The test program is as follows:

```
int main() {
int N = 2048, M = 2048;
float *output = new float[N * N];
float *input = new float[N * M];
float *weight = new float[N * M];
for (int i = 0; i < N * M; i++)
input[i] = ((float)rand() - 0.5) / RAND_MAX;
for (int i = 0; i < N * M; i++)
weight[i] = ((float)rand() - 0.5) / RAND_MAX;
float *input_cuda, *weight_cuda, *output_cuda;
cudaMalloc(&output_cuda, N * N * sizeof(float));
cudaMalloc(&input_cuda, N * M * sizeof(float));
cudaMalloc(&weight_cuda, N * M * sizeof(float));
cudaMemcpy(input_cuda, input, N * M * sizeof(float), cudaMemcpyHostToDevice);
cudaMemcpy(weight_cuda, weight, N * M * sizeof(float), cudaMemcpyHostToDevice);
for (int i = 0; i < 2; i++) {
dim3 dimBlock(TILE_DIM, TILE_DIM);
dim3 dimGrid(N / TILE_DIM, N / TILE_DIM);
cross_infinity_norm<<<dimGrid, dimBlock>>>(input_cuda, weight_cuda, output_cuda, N, M);
}
cudaDeviceSynchronize();
cudaFree(output_cuda);
cudaFree(input_cuda);
cudaFree(weight_cuda);
delete[] output;
delete[] input;
delete[] weight;
}
```

In particular, I am confused by the profiler output that the program should improve the **Compute Workload**, but the above warning says the stall reason is high in cases of extreme utilization of the **MIO pipelines**, which include special math instructions, dynamic branches, as well as shared memory instructions.

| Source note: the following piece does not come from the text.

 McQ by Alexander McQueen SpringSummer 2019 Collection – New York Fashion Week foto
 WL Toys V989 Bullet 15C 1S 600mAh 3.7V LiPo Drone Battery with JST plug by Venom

My questions are:

- How can I understand the profiler output? In particular, what does the two warnings mean? (This program does not have special math instructions or dynamic branches.)
- Is there a faster implementation? I really want an extremely fast implementation since this function will be run thousands of times. Any tricks or achitecture dependent optimizations (NVIDIA RTX 3090 with Compute Capability 8.6 in my case) can be used.